All methods can be applied to HP-sequences in the cubic and the more complex face centered cubic lattice model. Before giving a detailed description of the tools, we first introduce the idea of H-cores, central to these methods.
In the HP lattice models, two monomers form a contact if they occupy neighboring positions in the lattice. The energy of a structure is defined by the number of contacts between H-monomers, i.e. HH-contacts. Thus, an optimal (minimum energy) conformation maximizes the number of HH-contacts. An important observation is that optimal structures show an almost optimal (maximally compact) packing of the H-monomers. Such dispersions of H-monomers without any chain connectivity are called H-cores. The compactness of the H-cores is a basic feature that can be used for structure prediction and sequence design. Note that optimal H-cores are independent of a particular sequence and depend only on the number of H-monomers. Hence, compact and nearly compact H-cores can be precalculated and stored in a database. HPSTRUCT and HPDESIGN use this database as a starting point for their calculations (details later). Thereby, redundant computation is avoided, which significantly speeds up the CPSP-approach and related applications.
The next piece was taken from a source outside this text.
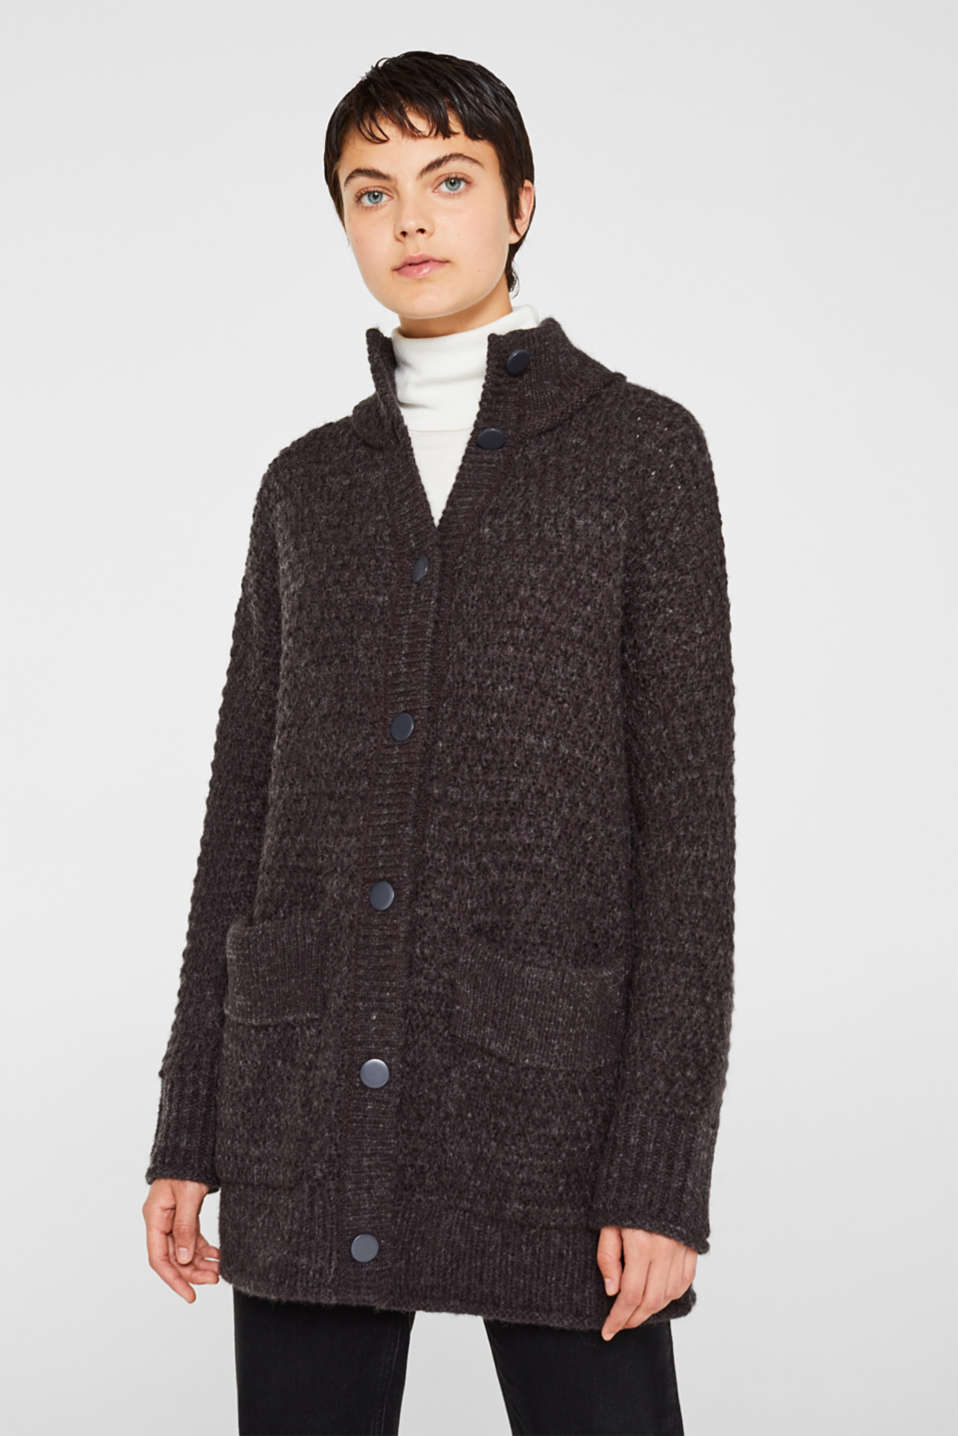 Sweaters cardigan, DARK GREY 5, detail image number 0

The enumeration of all optimal H-cores in complex lattice models such as FCC is a computationally hard problem by itself and was solved by Backofen and Will using constraint-programming techniques . Firstly an upper bound on the number of possible contacts for a given number of monomers is calculated via dynamic programming. Subsequently, this information is used to enumerate all compact optimal and almost optimal (suboptimal) H-cores for a given number of H-monomers using constraint-programming. Some statistics on the number of H-cores in the 3D-cubic lattice are given in Fig. 4. It shows that the number of H-cores grows exponentially in H-core size but still much slower than the number of structures for a corresponding sequence length.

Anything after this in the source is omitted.